The memory framework doesn't care which LLM you use. It just assembles context. Bring your own model.

The schema lives in migrations/001_init.sql. Run it against any Postgres 17+ database with the pgvector extension installed. Tables are prefixed s2m_ (for "speak2me," the project this came from). Rename them in the migration if you want a different prefix.
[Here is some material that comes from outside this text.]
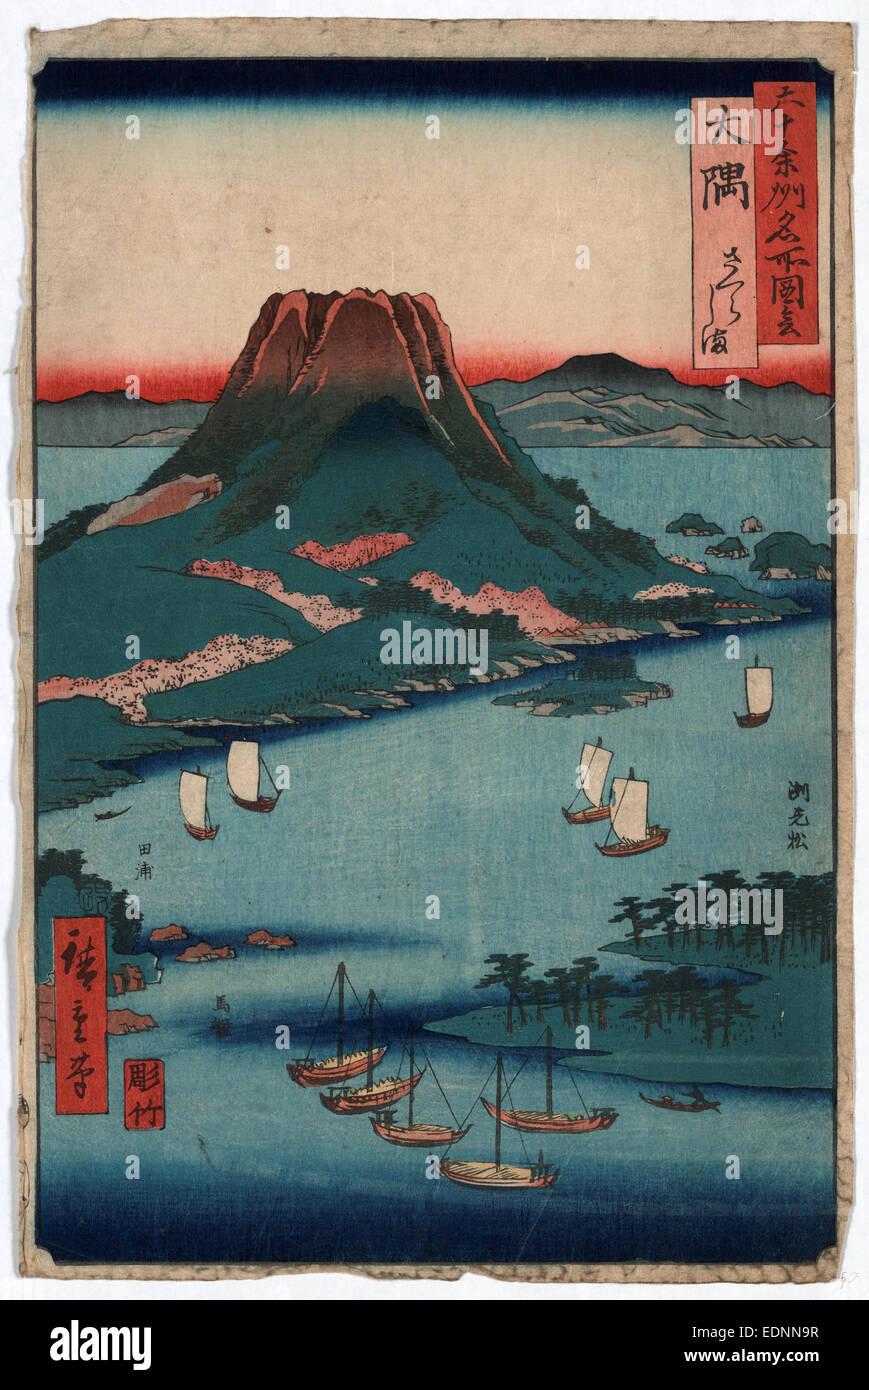 Osumi, Ando, Hiroshige, 1797-1858, artist, 1854., 1 print : woodcut, color ; 35.8 x 23.5 cm., Print shows the volcano - Stock Image

License: Apache 2.0. Fork it, modify it, ship it commercially. The only ask is that you preserve the copyright notice and the NOTICE file. See CONTRIBUTING.md for the full guide.

Quick start

npx recallmem

You need three things on your machine first: Node.js 20+, Postgres 17 with pgvector, and Ollama (optional, skip if you only want cloud providers). If any are missing, the CLI tells you exactly what to install for your OS.

Architecture diagrams (system, memory layers, post-chat sequence)

System architecture

flowchart TB
    Browser["Browser<br/>Chat UI<br/>localhost:3000"]
    NextJS["Next.js App<br/>API routes + SSR"]
    Postgres[("Postgres + pgvector<br/>localhost:5432<br/>Chats, facts, profile, embeddings")]
    Ollama["Ollama<br/>localhost:11434<br/>Gemma 4 + EmbeddingGemma"]
    Cloud{{"Optional: Cloud LLMs<br/>Anthropic / OpenAI / etc.<br/>Only if you add a provider"}}

    Browser <-->|HTTP / SSE| NextJS
    NextJS <-->|SQL + vector queries| Postgres
    NextJS <-->|"/api/chat<br/>/api/embed"| Ollama
    NextJS -.->|Optional API call| Cloud

    style Cloud stroke-dasharray: 5 5
    style Ollama fill:#dfe
    style Postgres fill:#dfe
    style NextJS fill:#dfe
    style Browser fill:#dfe

Everything in green runs on your machine. The dashed cloud box only activates if you explicitly add a cloud provider in settings. Otherwise, nothing leaves your computer. Ever.

The three-layer memory system

flowchart LR
    Chat[New chat message]
    Memory["Memory loader<br/>(parallel)"]
    Profile["Layer 1: Profile<br/>Synthesized summary<br/>(IDENTITY, FAMILY,<br/>WORK, HEALTH...)"]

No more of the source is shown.